**DATA EXTRACT**:
^^^^^^^^^^^^^^^^
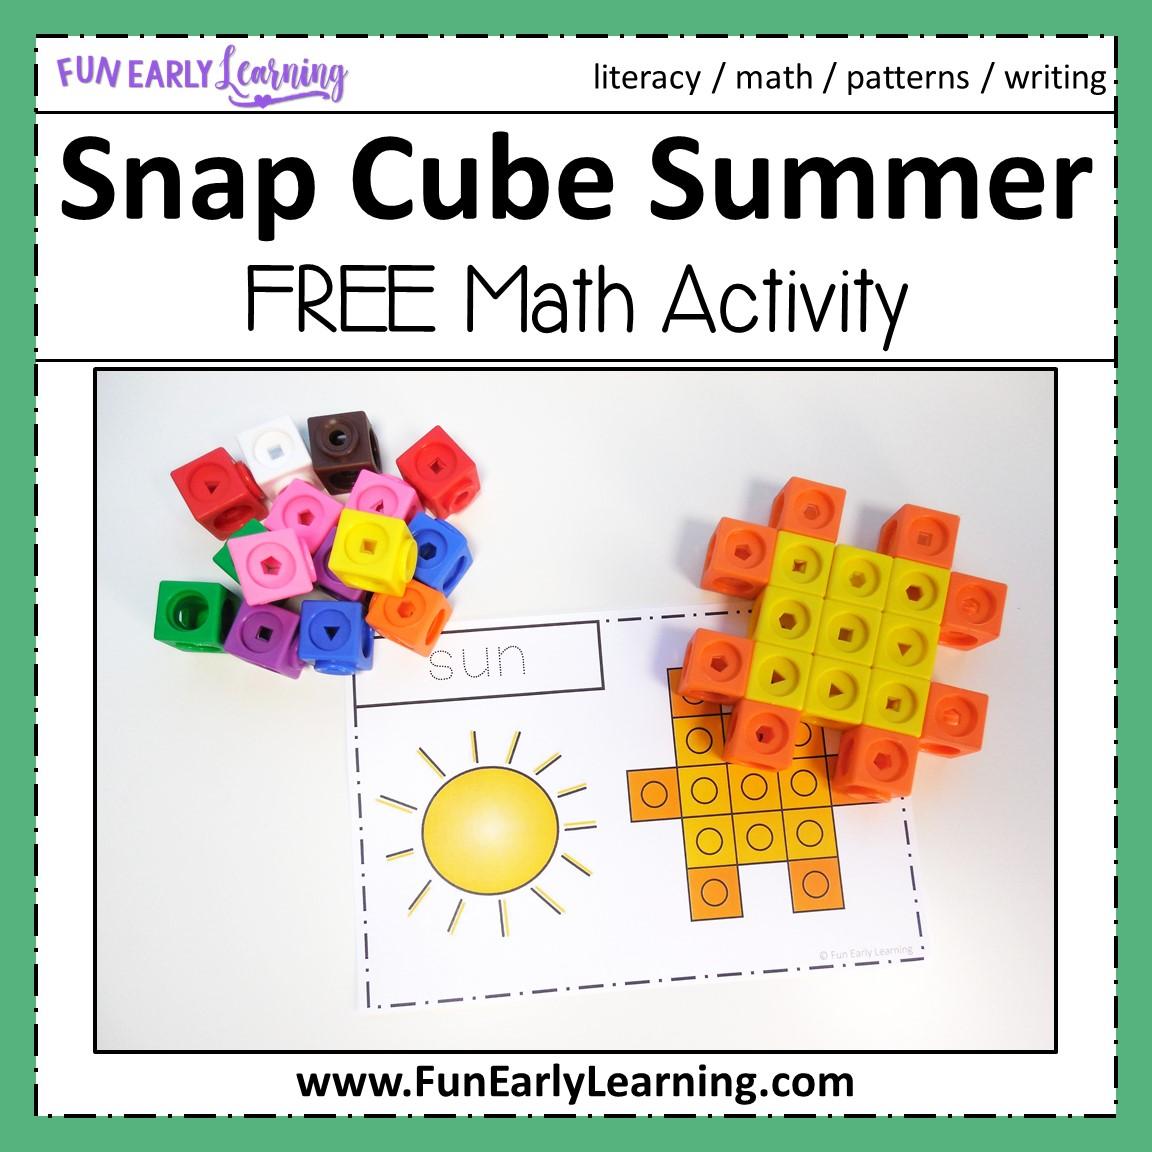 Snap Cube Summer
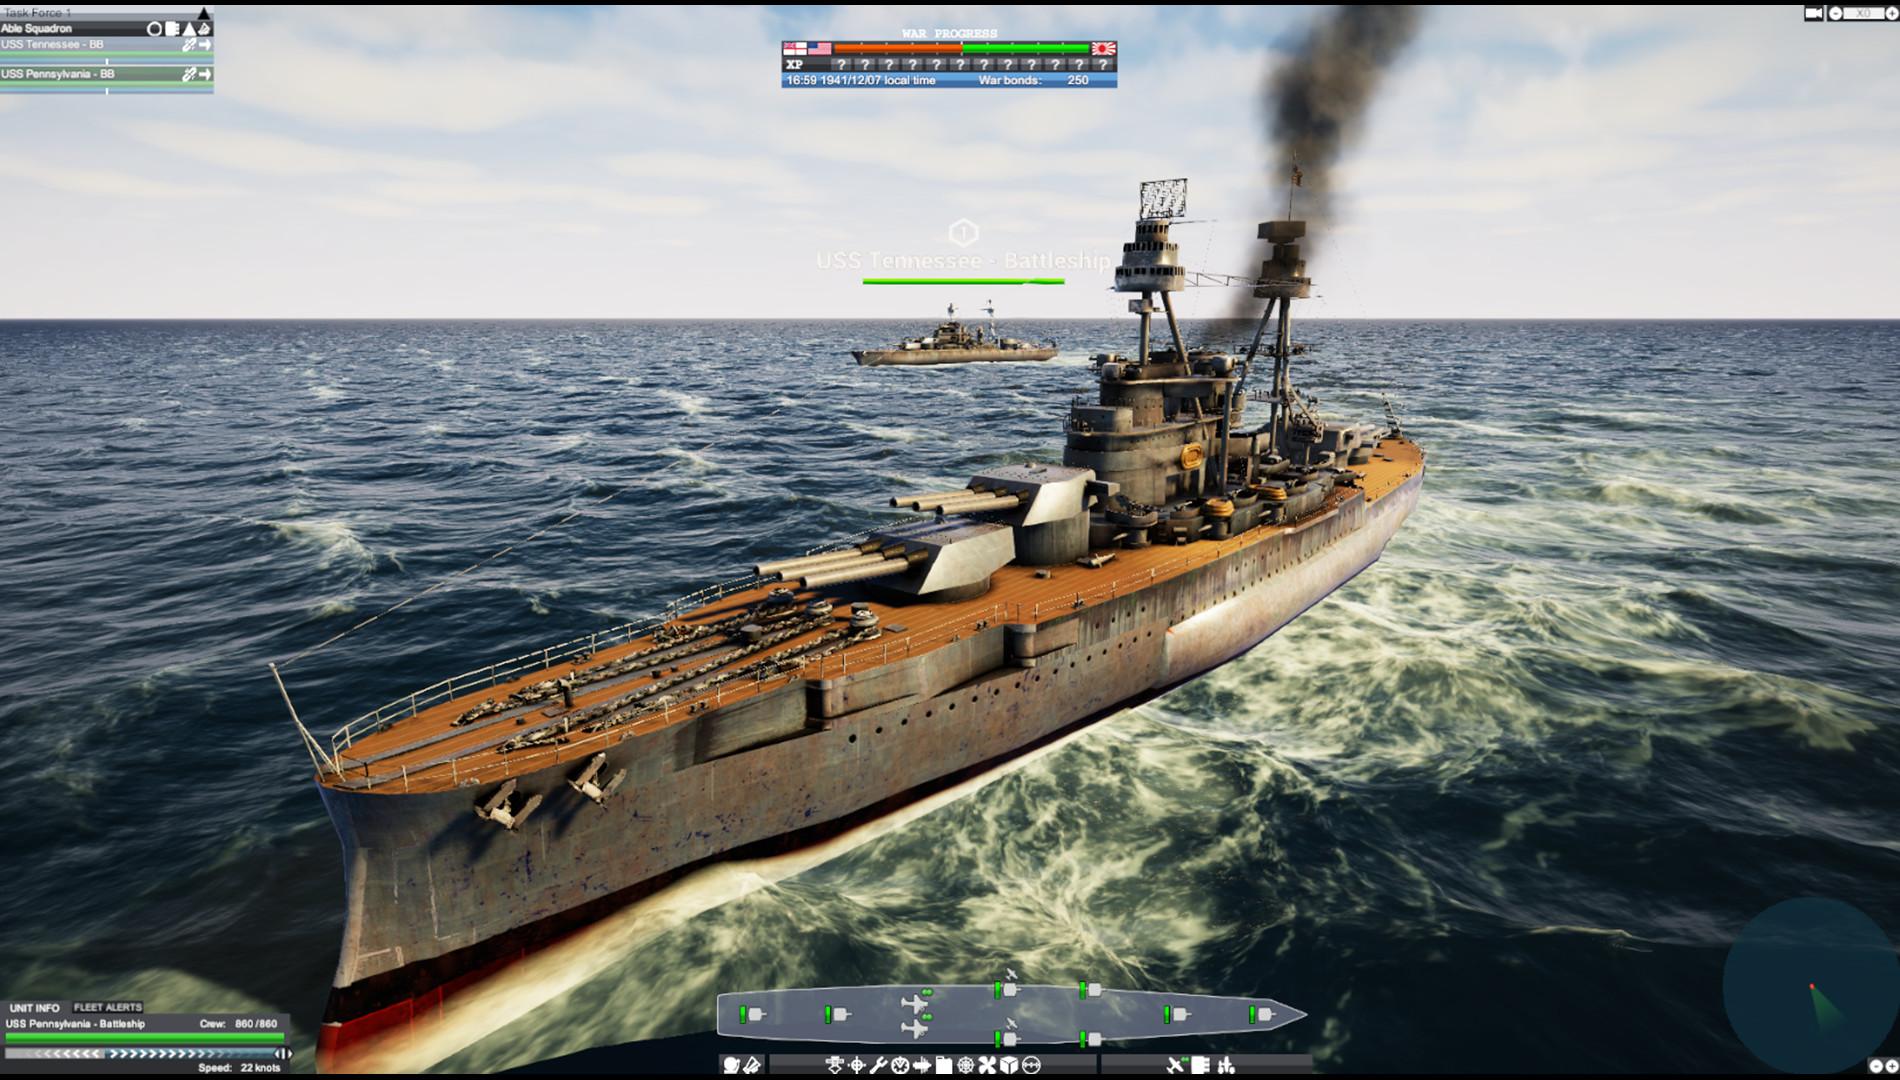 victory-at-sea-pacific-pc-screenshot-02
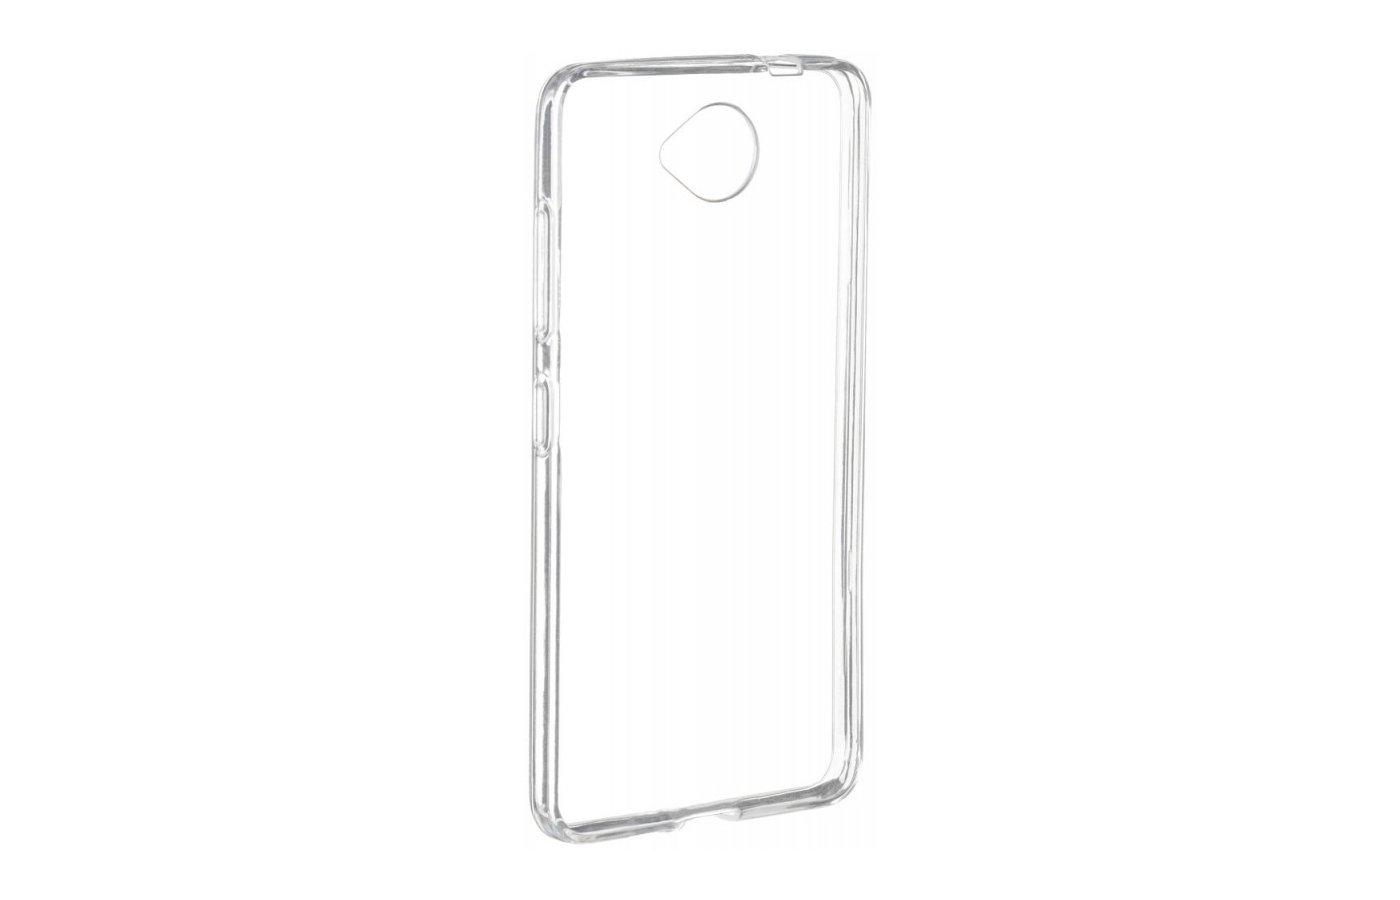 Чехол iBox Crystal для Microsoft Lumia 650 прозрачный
^^^^^^^^^^^^^^^^
**TASK OBJECTIVE**:
Leave out the pictures; repeat the data exactly.

**RESPONSE BELOW**:
 Snap Cube Summer
 victory-at-sea-pacific-pc-screenshot-02
 Чехол iBox Crystal для Microsoft Lumia 650 прозрачный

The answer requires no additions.